One of the biggest challenges that has faced Richard throughout his career is funding. ‘Some of these questions we’re asking fall between the gaps that a lot of conventional funding of science covers,’ he says. ‘If you receive funding to do a project it makes it instantly easier to achieve but at the same time, you’re constrained by timelines of the funders. The evidence about microbeads in cosmetics, for instance, only came about because of independent funding. If we’d written it as a proposal and submitted it to a research council we would have been unlikely to have got the money.’
 
These days, the main focus of Richard’s work has moved on from raising awareness to finding the right solutions. ‘Now there’s a broad agreement from the public, industry and policymakers that there is a problem with the current levels of plastic accumulating, which wasn’t the case when I first started on this over 20 years ago. There’s a thirst for solutions. The science has been really important in raising awareness; now we need that evidence to help work out the best way forward. If we don’t have the evidence, we’ll jump at the wrong solutions and that’s the bit that concerns me the most,’ he says. ‘There’s no silver bullet but it’s very clear to me that solutions might vary between counties, between Europe and North America, where there is sophisticated waste management, and developing nations where infrastructure is lacking.’
 
One obvious strategy is for producers to take more responsibility about what happens to a product at the end of its lifecycle. ‘I think that making sure at the design stage that thought has been given to what happens beyond the lifetime of a product is part of the overarching solution,’ says Richard. ‘If I talk to product designers, they tell me that wasn’t in the brief.
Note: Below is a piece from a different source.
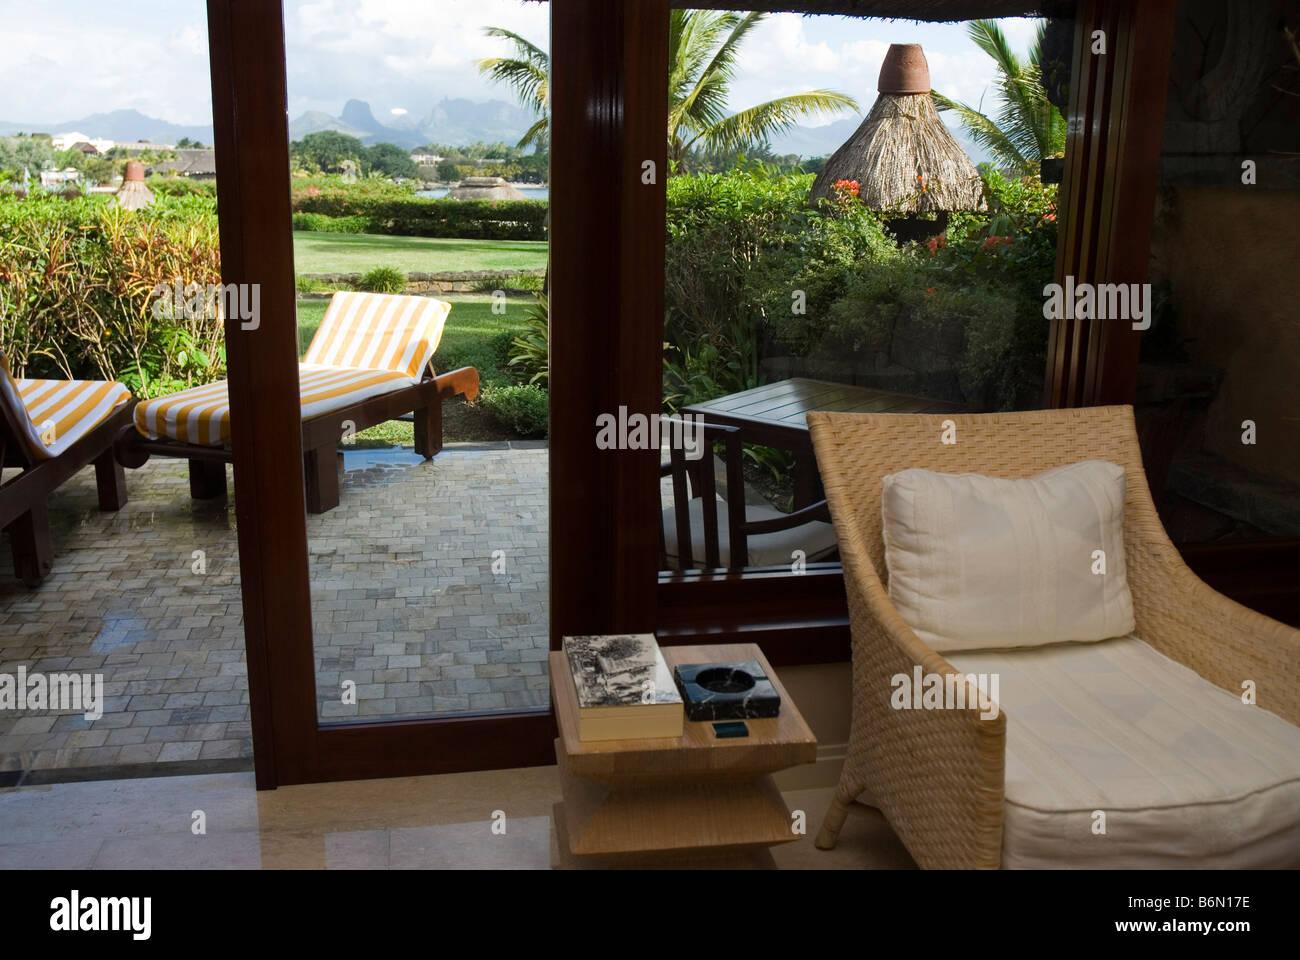 luxus pavillon zimmer garten hotel the oberoi in balaclava bereich insel mauritius stockfoto. Black Bedroom Furniture Sets. Home Design Ideas
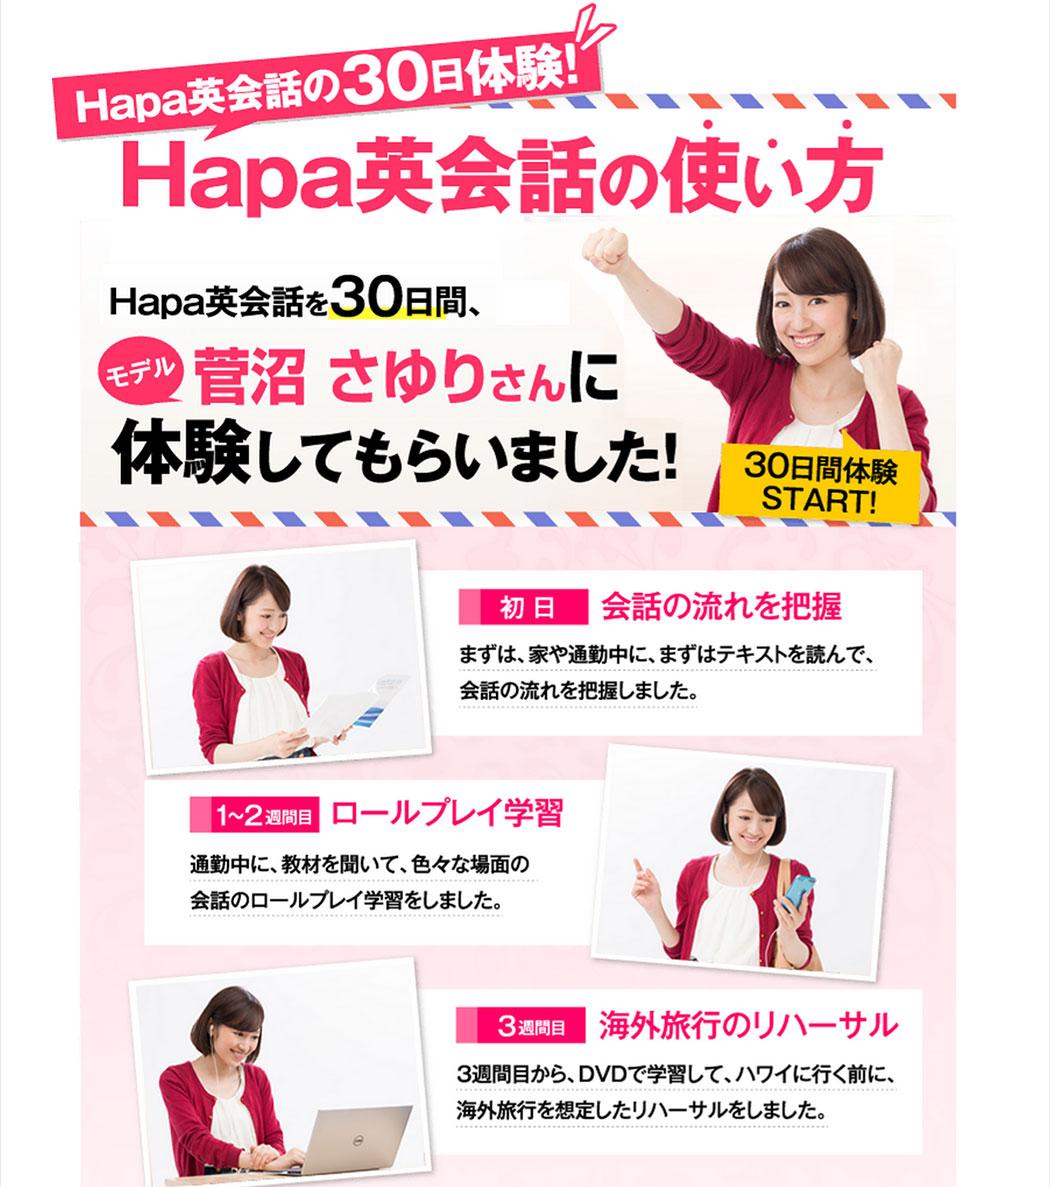 hapa-new-lp27.jpg

They are usually asked to design a product that functions, that’s attractive to the consumer but what happens when the consumer has finished with it is not considered. It’s hardly surprising that we’ve got a whole range of items for which there are no available waste management solution.’
 
However, the good news is that Richard is hopeful about the future. ‘In my mind, this is a problem that is solvable. With most environmental challenges the thing that’s problematic in the environment is directly coupled to something we want: the long-haul flight, construction along coastlines, taking fish out of the sea. All these are directly linked to potential damage but if you think about the benefits that come from plastic, virtually all of them can be achieved without this emission to the environment. The impact and benefit are decoupled; it’s just about using the material responsibly.’